Unless the term 'generic programming' is older than I'm aware of, the word 'polymorphism' has been a technical term in programming language research longer than 'generic programming'. Certainly the word polymorphism has been in use longer than the language C++ has existed. Inheritance polymorphism / class polymorphism is one means of implementing polymorphism. It does cause a moment of confusion the first time you see the word used in a more general sense if you are used to thinking of polymorphism only referring to one kind of polymorphism.

Forgive my lack of C++ knowledge, but surely inheritance is a separate topic to polymophism?

If we think of a classic OOP example, we might say (in some made-up language):

    Mammals can breathe
    Mammals can move

    Dogs are Mammals
    Dolphins are Mammals

From this, we know that Dogs and Dolphins can breathe and move, so we can write code like:

    function checkStatus(Mammal m) {
      try {
        m.move();
        return "Free";
      } catch {
        try {
          m.breathe();
          return "Trapped";
        } catch {
          return "Dead";
        }
      }
    }

This code is subclass polymorphic, since we can pass in a Dog or a Dolphin, or some other type of Mammal, and it will work unchanged.

Yet this is completely orthogonal to inheritance! There are two ways we might actually implement these constructs:

- Mammal is an interface: Dog implements breathe by operating its lungs and move by operating its legs; Dolphin implements breathe by operating its lungs and move by operating its tail and fins.

- Mammal is an abstract class which implements breathe by operating its lungs. Dog inherits breathe and implements move by operating its legs; Dolphin inherits breathe and implements move by operating its tail and fins.
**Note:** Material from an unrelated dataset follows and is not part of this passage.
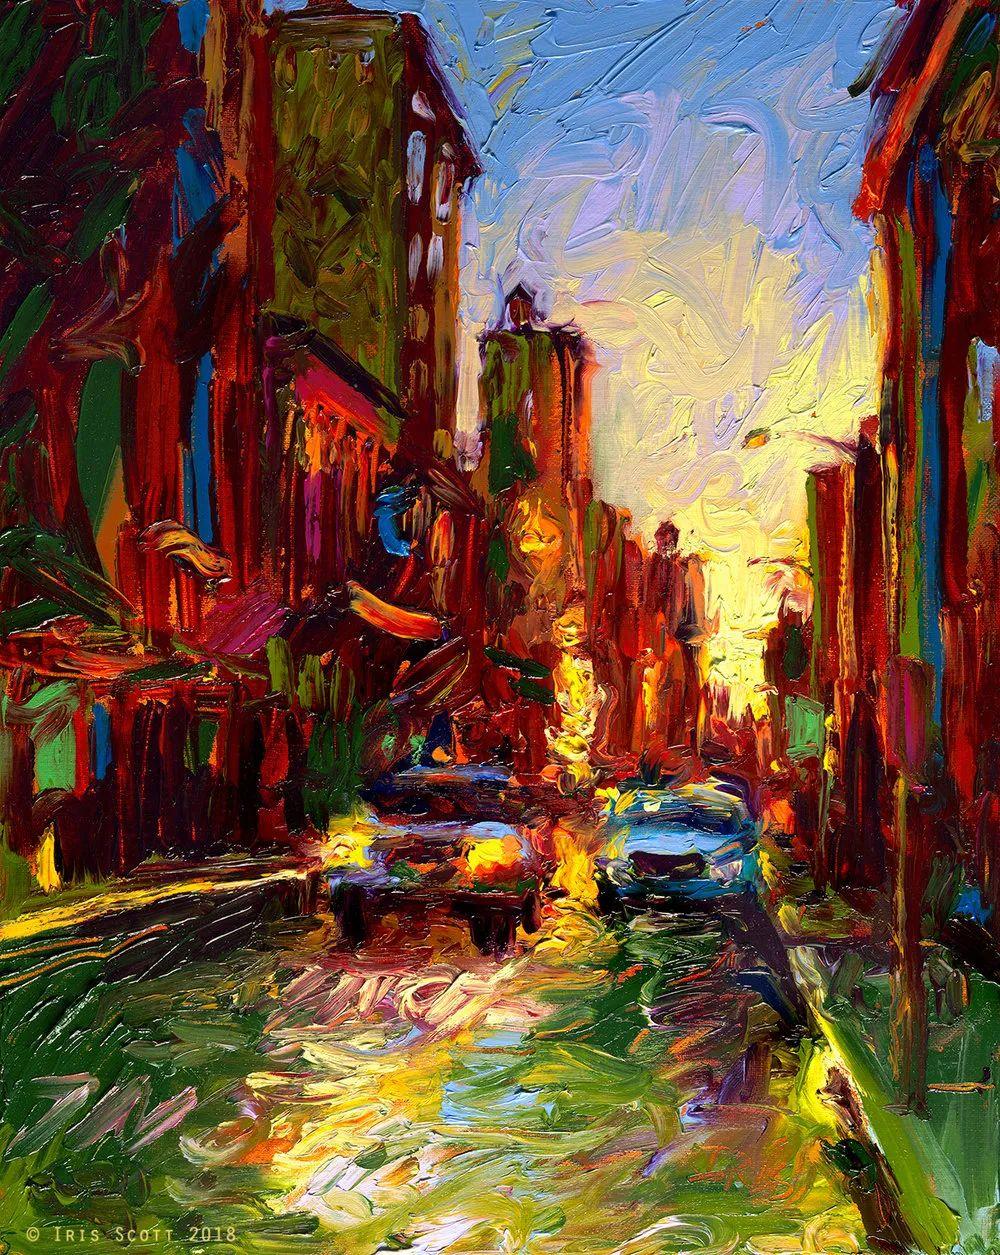 用颜料触摸这个世界!美国画家Iris Scott画选(下)——人物街景篇插图53

Both of these are valid approaches, but consider that:

- Only the second approach uses inheritance, so it seems strange to limit "polymorphism" to only this case.
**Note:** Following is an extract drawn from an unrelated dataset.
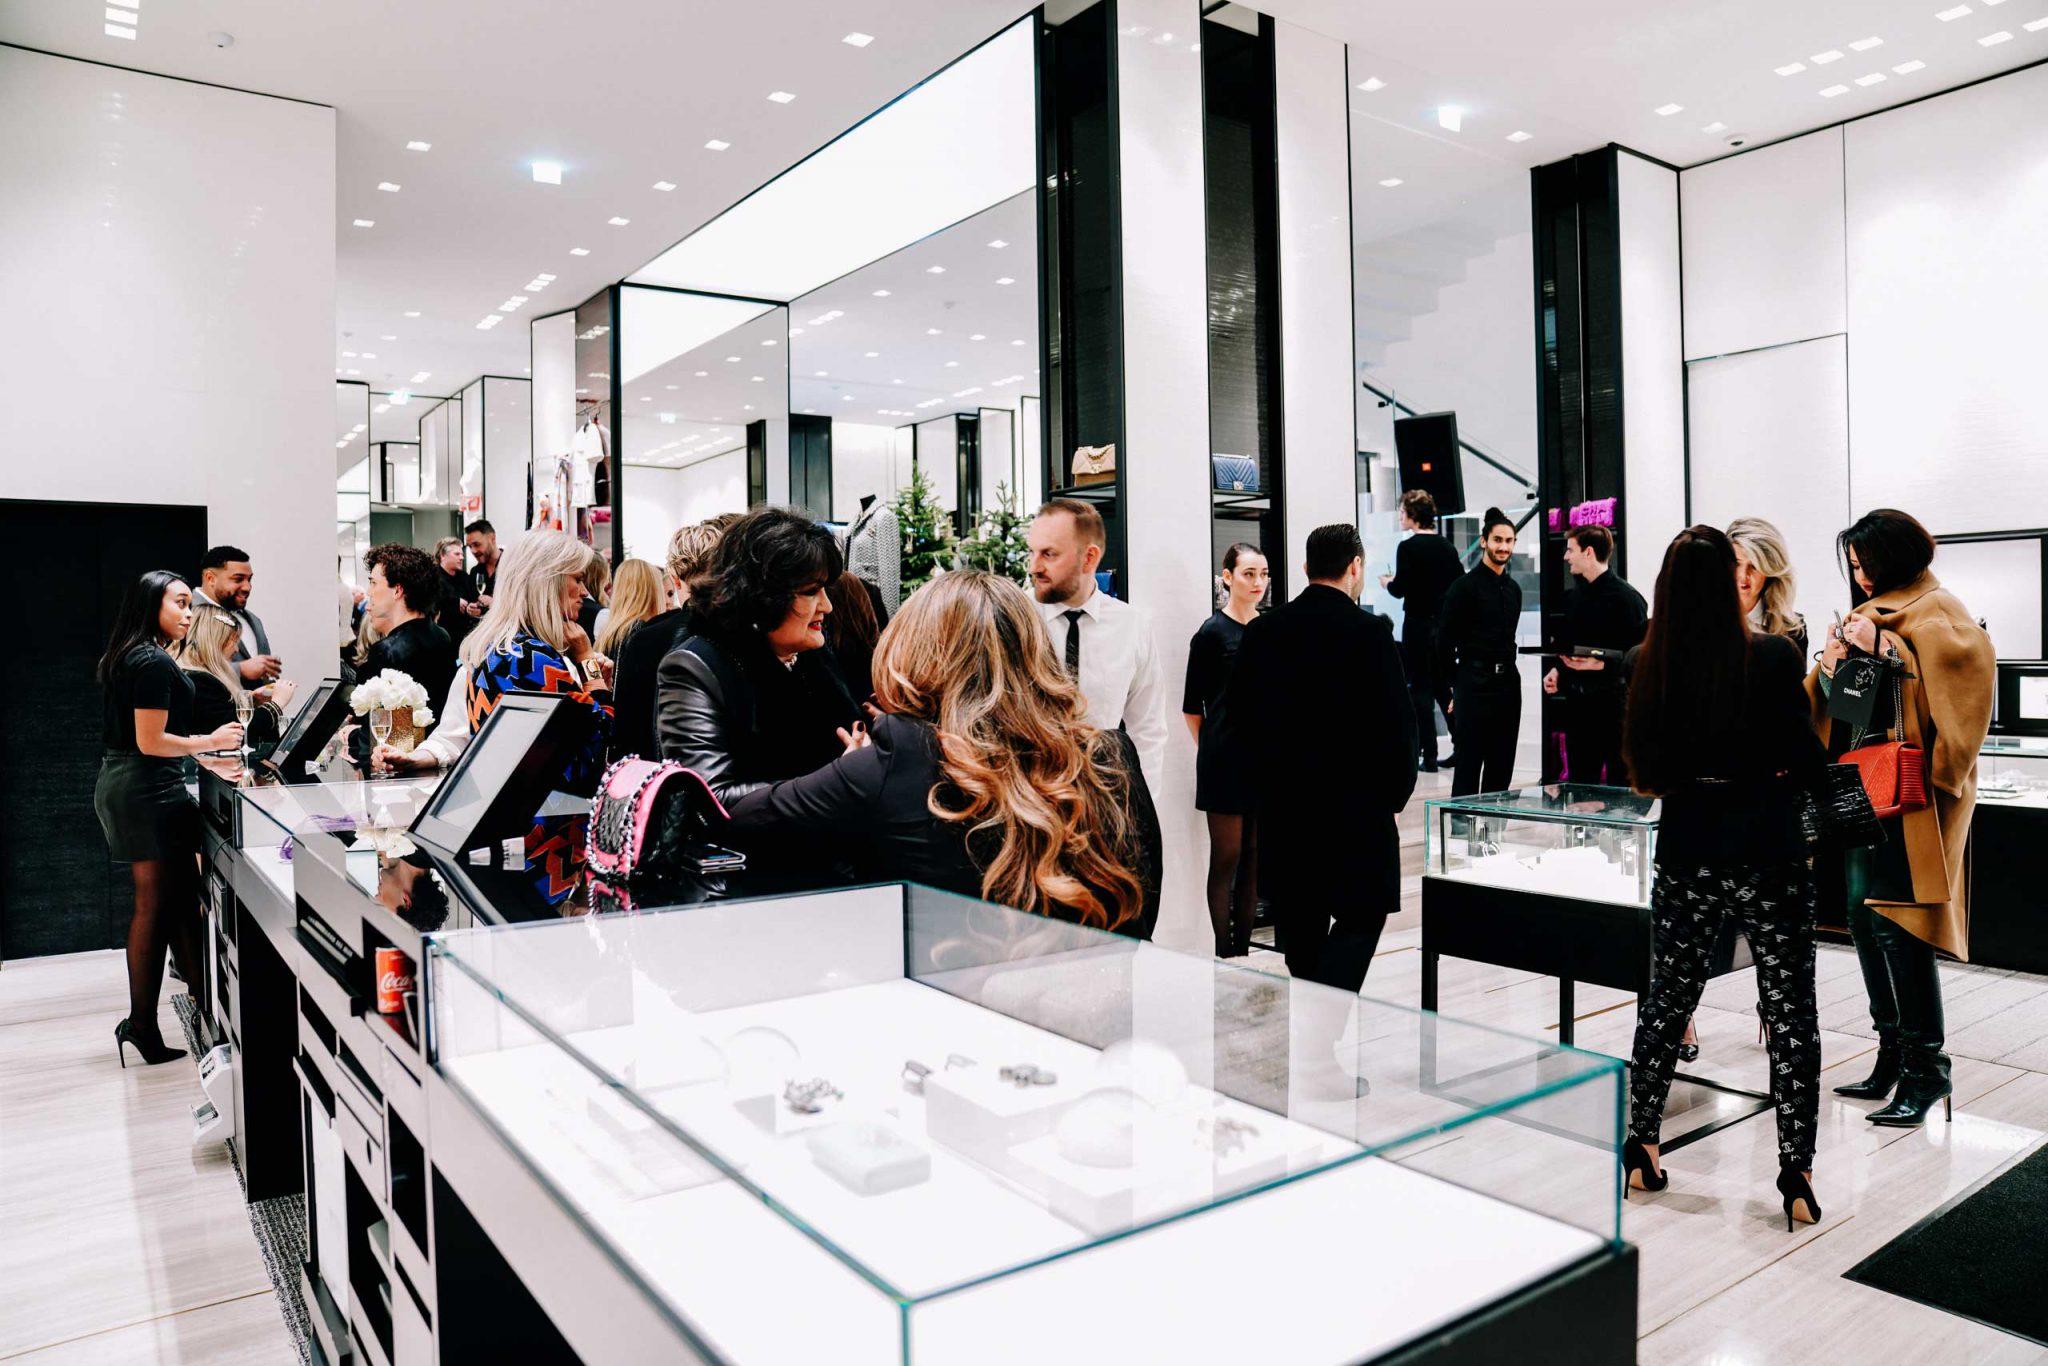 Chanel_Boutique_Cocktail_event_Ilsoo_van_Dijk_07122019-01181

- The checkStatus code doesn't actually care which approach we take. It's "polymorphic in our choice of polymorphism"!

Also, let's say that we did restrict the term "polymorphism" to these sorts of mechanisms. We might say that the above example is "polymorphic in the choice of Mammal". In which case, the "stage polymorphism" of this article is nothing other than "polymorphic in the choice of stage".

We could implement it in a language like C++ something like:

    Stages can call functions with arguments
    Stages can branch on booleans
    ...

    Interpreter is a Stage
    Compiler is a Stage

We achieve polymophism by passing around the currentStage, and writing code like `currentStage.call(myFunc, myArg)`. If `currentStage` is an `Interpreter`, the call will be performed immediately. If `currentStage` is a `Compiler`, code will be generated to perform the call.

The only difference between such an OO setup and the actual implementation in the article is that boilerplate like `currentStage` is all handled implicitly, rather than manually passed around, and we overload the normal language constructs rather than replacing them with methods, e.g. we can write `double(foo)` instead of `currentStage.call(double, foo)`, and `if foo then bar else baz` instead of `currentStage.branch(foo, bar, baz)` (or something even worse, to ensure that `bar` and `baz` get delayed!)

C++ supports multiple kinds of polymorphism depending on if and how they can be implemented with no or low runtime overhead. C++ does tend to conflate class inheritance with interface polymorphism, but there is an implementation reason for doing so.

In C++, an image of the data members of a base class is embedded verbatim inside a derived object. This means that a function compiled to work with a pointer to a block of memory formatted as a Base object can just as well be passed a pointer to the region of memory corresponding to a Base object inside the larger block of memory allocated to a Derived object. So C++ saying that inheritance implies polymorphism is not because they are conceptually the same, but rather that an implementation exists that can give both features at once for little runtime overhead.

Also, C++ doesn't distinguish between interfaces and classes; an interface in C++ is just a class with no data members.

Runtime polymorphism in C++ requires marking methods as virtual. They are not virtual by default. Why not? Because the default assumption is that code can operate directly (and efficiently) on what it statically knows about an object, and in the case when none of the methods are virtual it allows the object and code to be slimmed down slightly.

C++ has many other forms of polymorphism, method overloading or operator overloading (a.k.a. ad hoc polymorphism), templates, etc. The reason they are not all treated as the same is because their implementations are different. Hiding all of the differences would impose a small but fixed cost on all of them, which would be counter to C++'s principle of you don't pay for what you don't use.

Thanks for the info. I'm not sure if it's supporting my point, refuting it, or is an aside :)

> Also, C++ doesn't distinguish between interfaces and classes; an interface in C++ is just a class with no data members.

This doesn't invalidate the point about polymorphism being orthogonal to inheritance. The point is that we can choose whether or not to use inheritance: `breathe` could be implemented in `Mammal` and get inherited by `Dog` and `Dolphin`, or Dog and Dolphin could implement `breathe` themselves and there would be no inheritance. Either way, we still have (subclass) polymorphism, so saying "polymorphism should mean inheritance" seems like a bad idea.

This might help..... or it might add further to the confusion -- http://web.media.mit.edu/~lieber/Publications/Treaty-of-Orla...